ネタバレ注意
「宝石商のメイド」の5巻の感想です。
~あらすじ~
ある日突然、エリヤの元に大切な人からの手紙が届きました。
~今回の内容~
エリヤの過去に何があったのか、何故アルフレッドについていくことになったのかが語られています。
~感想~
とんでもなく暗い回なのかと思っていましたが、どちらかというと感動するような面が多かったですね。
エリヤもアルフレッドもお互いに普通とは違う、特殊な環境で育ったもの同士だから惹かれあったのかもしれませんね。
完全な理解とはいかないまでも、自分が同じような大変な目に遭ったことがあると、他人にも優しくなれるというか、事情を理解できるように努めてあげることが出来るという感じですね。
私は昔から困った症状があるのですが、上司に同じ症状の方がいて、そのおかげで私の体調についてよく理解してくれてくれたのがとても助かり、嬉しかったです。

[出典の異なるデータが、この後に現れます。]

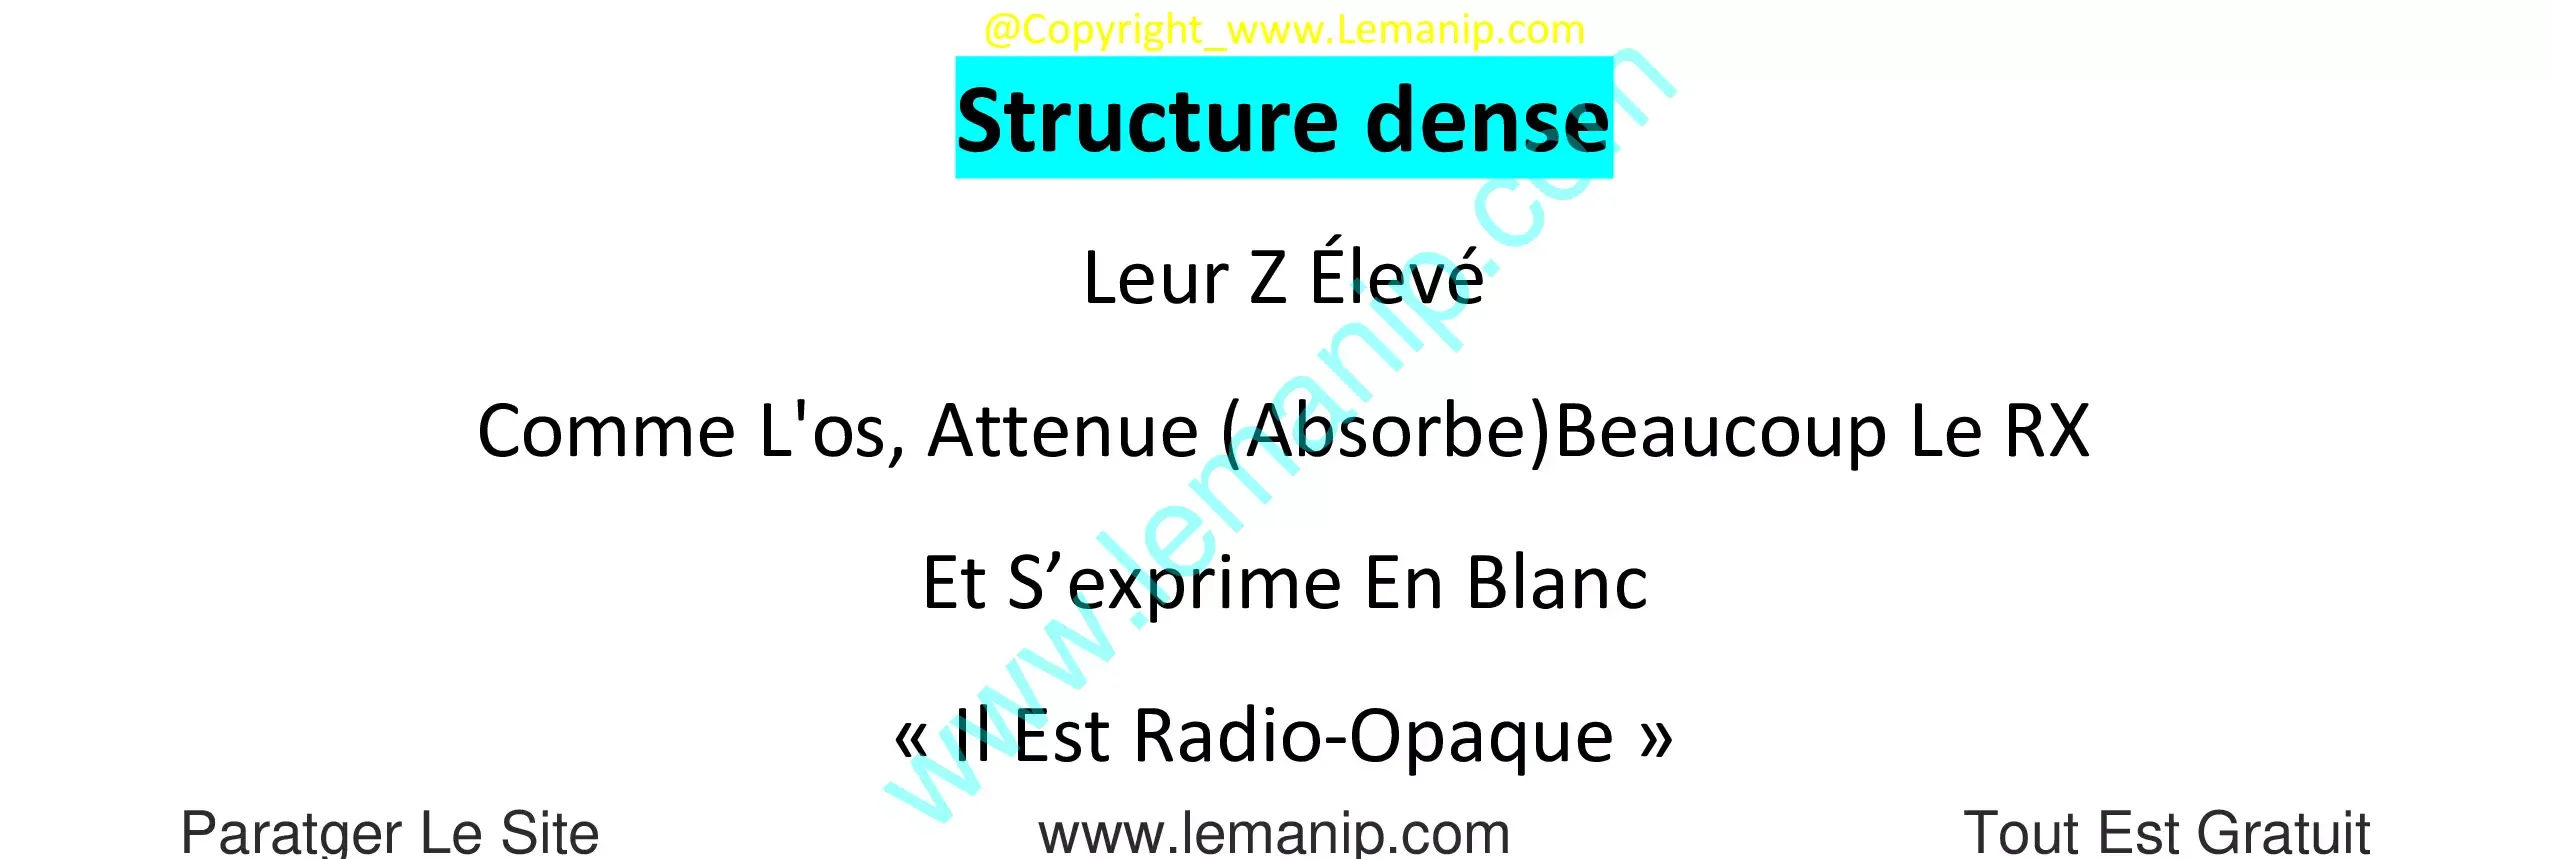 Structure dense

してもらってばかりではいけませんが、やはり自分の苦しみを理解してくれる人とは一緒にいたいという気持ちになりますよね。
アルフレッドもエリヤの才能と置かれている状況をすぐに把握して、エリヤもアルフレッドが出す問題に対してすべて正解し、勤勉さも見せて、期待に応えるというwin-winな関係でしたね。
良かったのはアルフレッドがエリヤが妹みたいだからというだけではなく、きっちり見返りも求めているよということを正直に話したところですね。
その結果旅立ちの日に、エリヤ自身がアルフレッドに対して何を返せるのかと強く思うようになったのだろうと思います。
でも妹みたいというのは本当で、エリヤの本当の幸せをいつも考えているのを見ると、アルフレッドは真剣にエリヤに幸せになってほしいのだなと伝わってきますね。
~推しポイント・好きな場面~
エリヤの幼少期に露店で青年に宝石を売っているところですね。
自然から色々なものをもらっているから、石からも…というのは確かにそうですよね。
一見価値が見いだせない自然のものも、実はものすごく大切な役割を果たしていた、というのもよくある話です。
~この巻の見どころ~
エリヤの珍しい表情がたくさん見られるところですね。故郷ということで、心自体も幼少期にいったん戻ったのか、見せてくれた笑顔はとても可愛らしかったです。